Exodus Rabbah, a Midrashic text, makes a similar point. It tells us the burning bush is meant to teach us that "no place is devoid of the divine presence, not even a lowly thornbush." As the emerging leader of the Jewish people, Moses has to know and believe at the very core of his being that there is no place in the world in which God is not present (leit atar panui mineih). This is one of the most fundamental--and radical--claims of the Jewish tradition, one that the Jewish people will have to learn and teach the world.
It is this very insight that Jacob had discovered through the revelation of God in that "certain place," namely that, "God is in this place, but I did not know it" (Genesis 28:16). Now it is Moses' turn to learn Jacob's--Israel's--lesson, the fact of God's total presence in every place and at all times.
But Judaism is less concerned with theological abstractions than with lived religious realities. So the Jewish people are entrusted not merely with telling the world about God's presence, but also, and more critically, with making it manifest in the world.
Thus, it is not enough simply to state that God suffers with those who are in pain. Rather, we are obligated to be present with, and to bring comfort to, those who suffer, and thus to serve as the "manifesters" of God's love in the world.

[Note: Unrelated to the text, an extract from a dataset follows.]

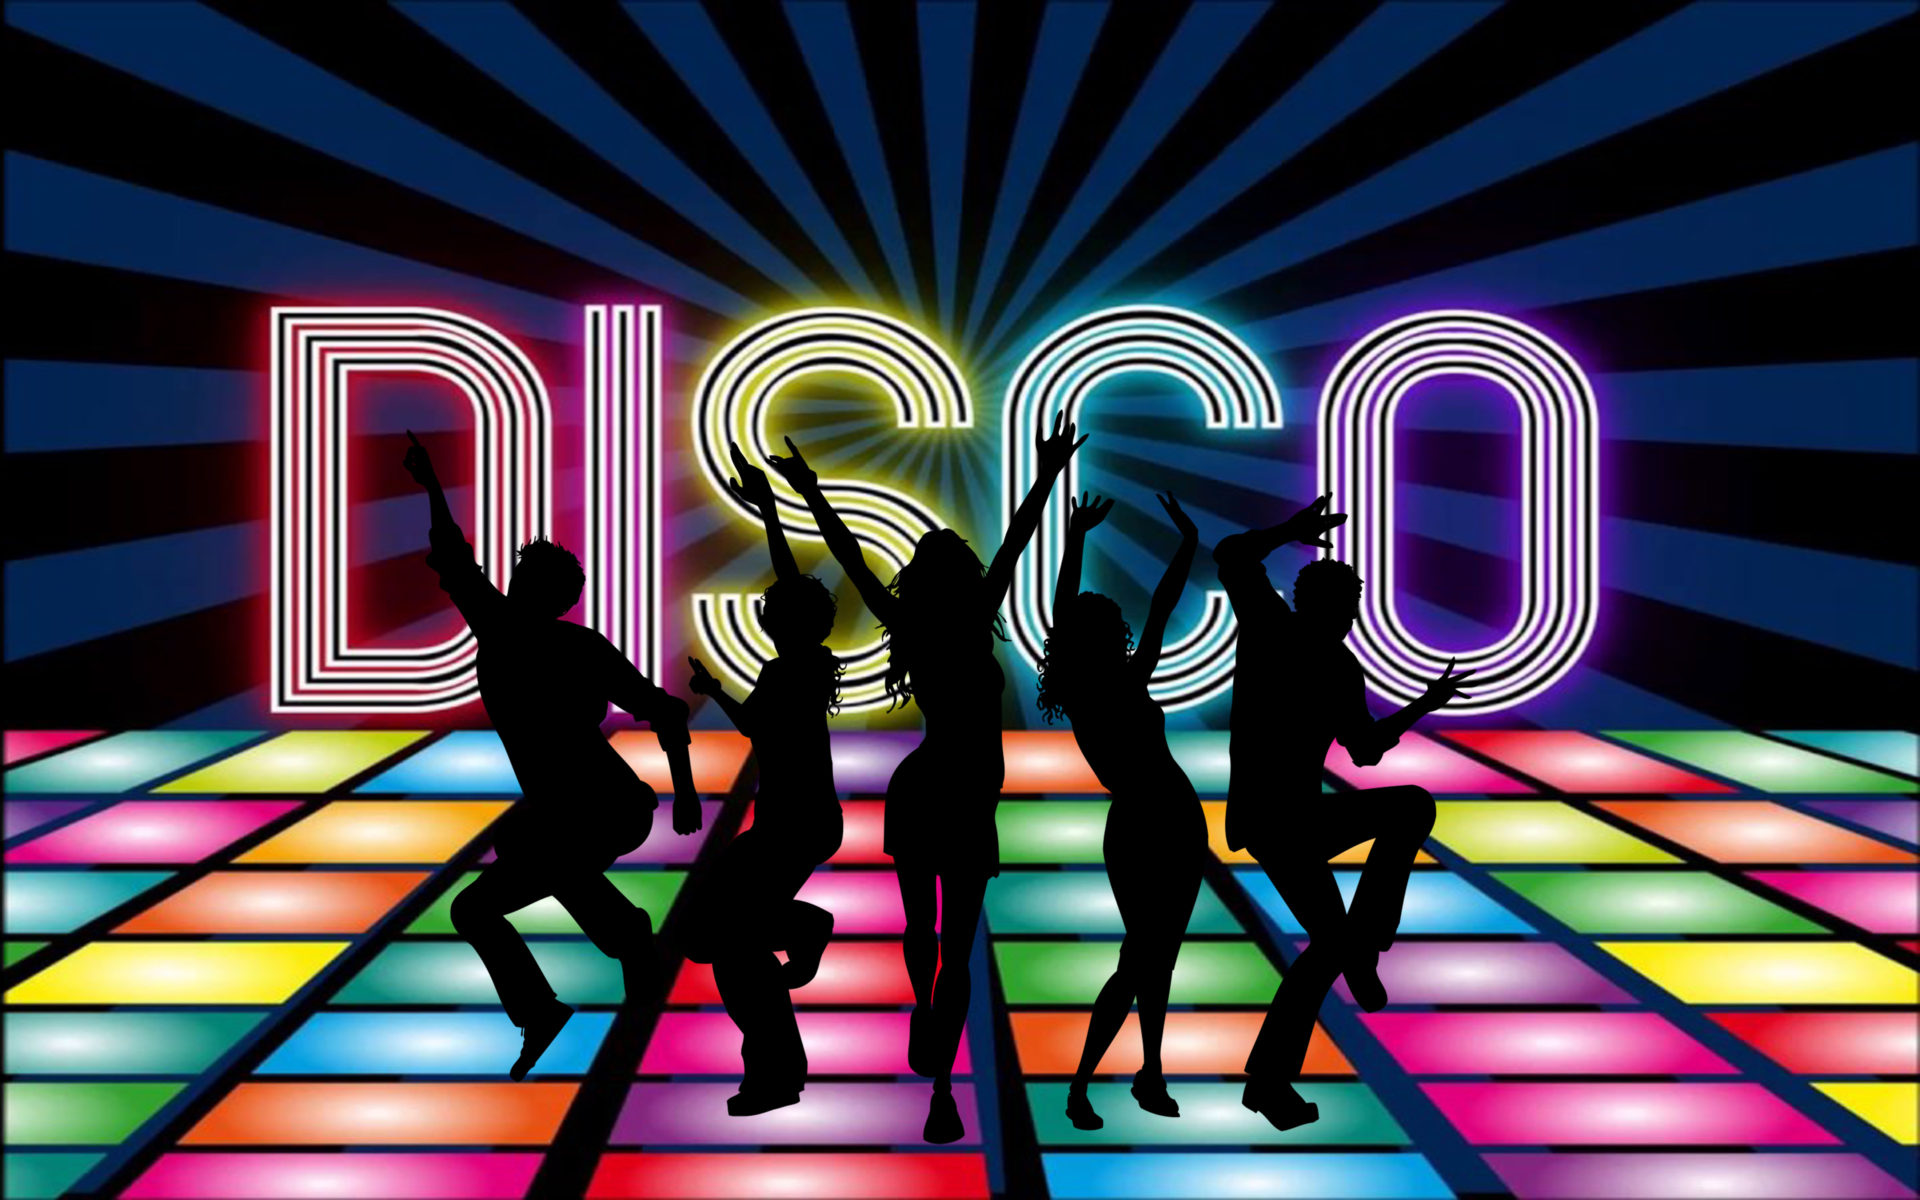 Photo Dj Girl Wallpaper Disco Disco Music Disko Dancing 4k Ultra Hd Wallpaper For

To tell someone who is hurting that God is present in their pain can be less than helpful; to demonstrate that she is not alone by doing what God would have us do and loving her as she hurts--this is the deepest theological testimony we can offer. There can be love even in the lowest of places, and even amidst a seemingly endless array of thorns. And where we make that love real, there we make God present.

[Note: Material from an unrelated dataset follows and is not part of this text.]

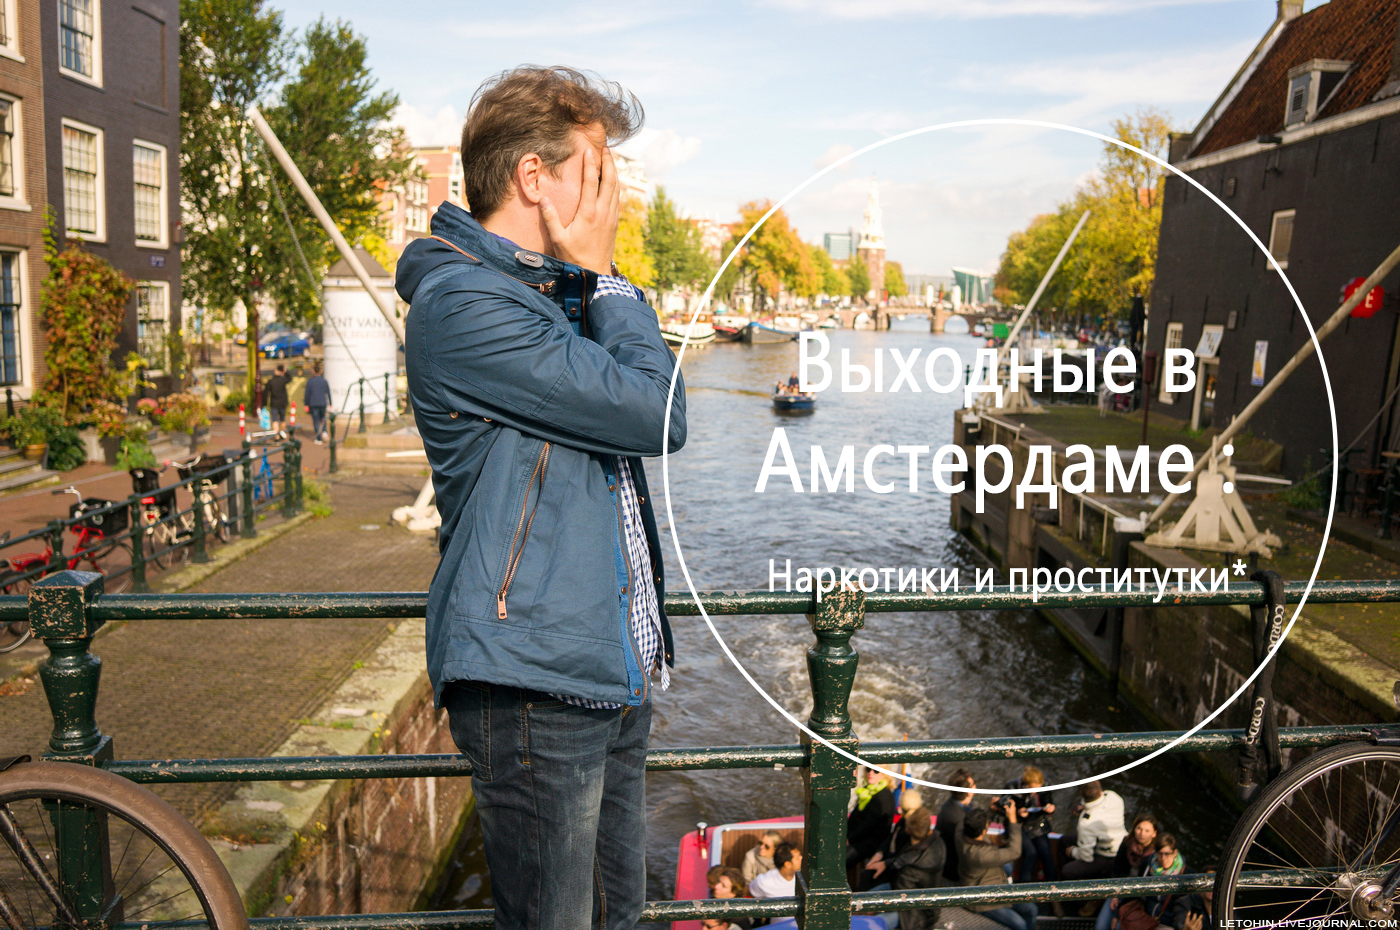 Шлюхи славянский бульвар 1800 рублей

Yehudah Leib makes a similar point in a breathtaking comment on the very beginning of the Book of Exodus. Chapter 1 begins by listing Jacob's sons by name, even though their names were enumerated at length just a few chapters ago (Genesis 46: 8-27). The commentator Rashi suggests that this repetition is a sign of divine love: On many occasions in the Torah, God compares the children of Israel to stars. And just as God calls each star by name (cf. Isaiah 40:26), so also does God repeatedly call the children of Israel by name (Rashi to Exodus 1:1). If it seems strange for Rashi to link the use of names with love, think of the variety of ways in which human beings use first names to suggest intimacy and closeness. God calls the Jewish people by name as a sign of God's profound love for them. Notice that God calls them individually, thus making the crucial point that God's love is not only for the Jewish people as a collective but also for each of them individually.
The Sefat Emet takes the metaphor of Jews as stars much further. He suggests that the purpose of a Jew is like the purpose of a star--to bring light into the darkest places of the world. Just as each star has its own name, each Jew has his own unique light to bring.

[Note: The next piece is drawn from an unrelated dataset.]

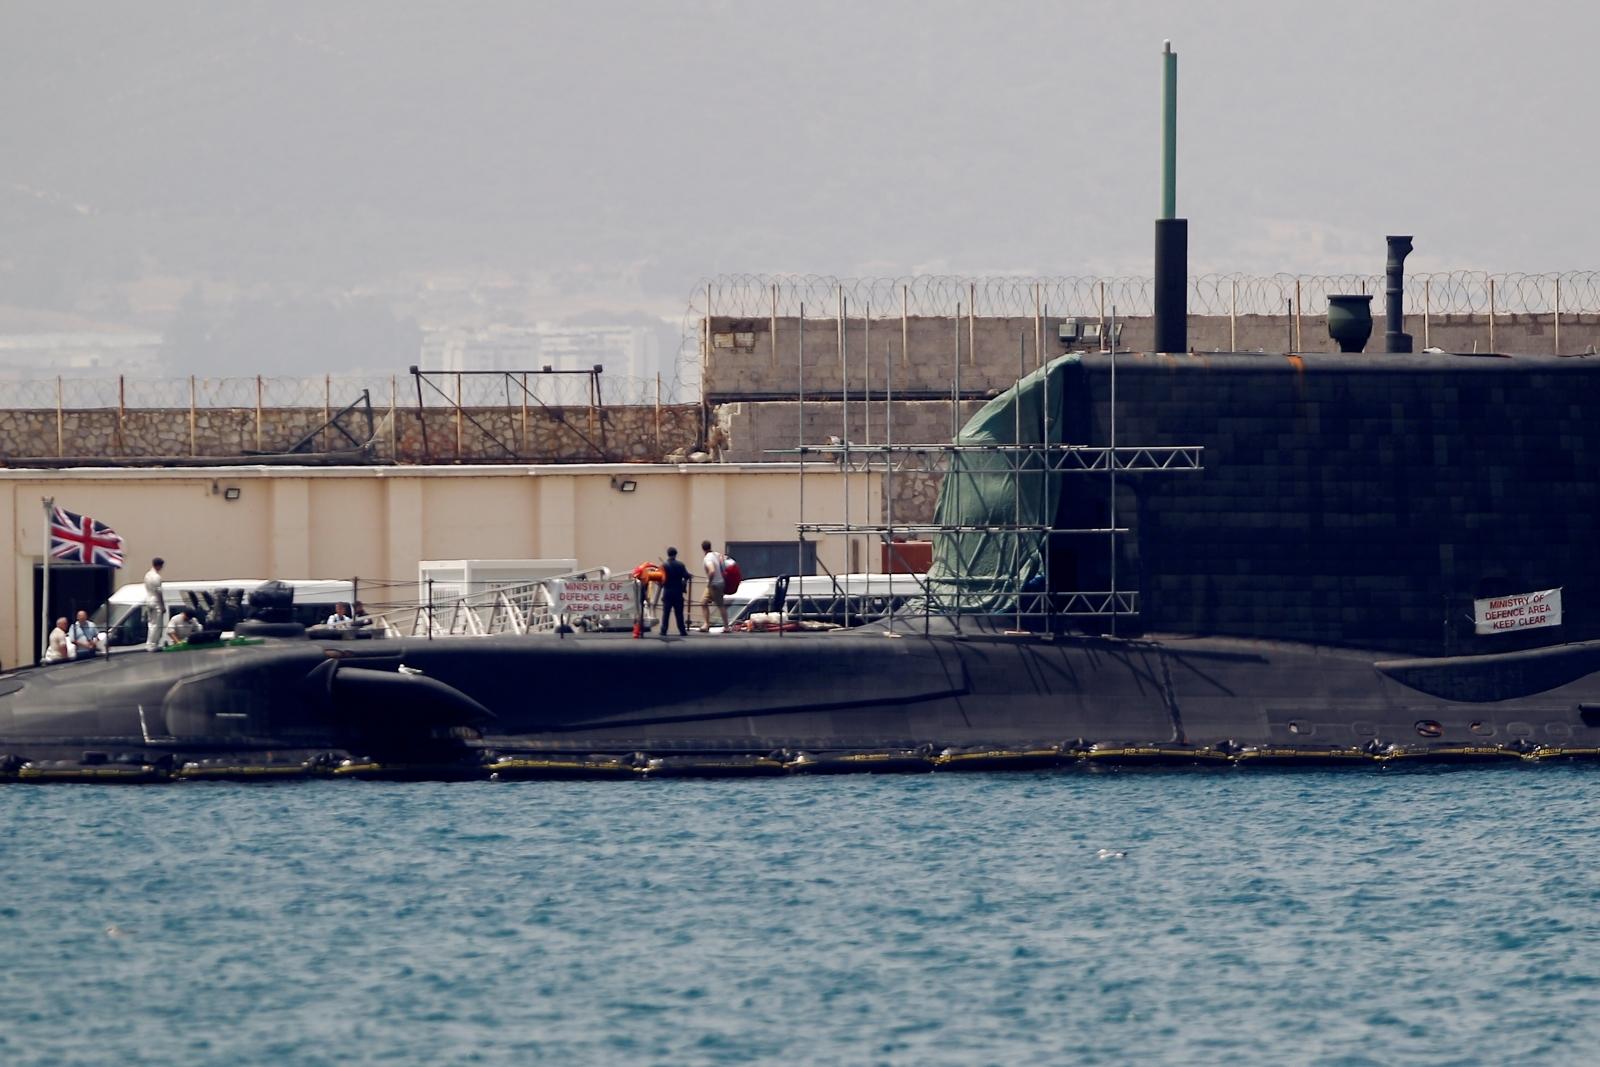 Submarine commander admits damaging £1.1billion Cumbrian-built HMS Ambush

If, with Moses, we return to the bush for a moment, we discover another radical truth about God that we must seek to emulate. God is totally present in the midst of human suffering, and yet God is not consumed in the process. That divine truth is in turn a human challenge--to be present without being consumed, to bring love to the darkness without being destroyed in the process of so doing. Sadly, it is all too easy to err in one extreme or the other--to be so concerned with self-preservation that we are never present, or to be so obsessed with the darkness that we are consumed by it. The Torah does not offer any easy solutions for how to do it, but in the model of God at the burning bush, the Torah suggests ever-so-subtly that it is possible to be present without being destroyed.
To take the covenant seriously, then, is to travel with God to the low places, and to travel for God to the dark places. Not to celebrate or glorify the dark, and not to romanticize it. But to be present to it and in it, and to do what stars do--to bring glimmers of light, and intimations of the divine, even and especially to the most "Godforsaken" places on earth.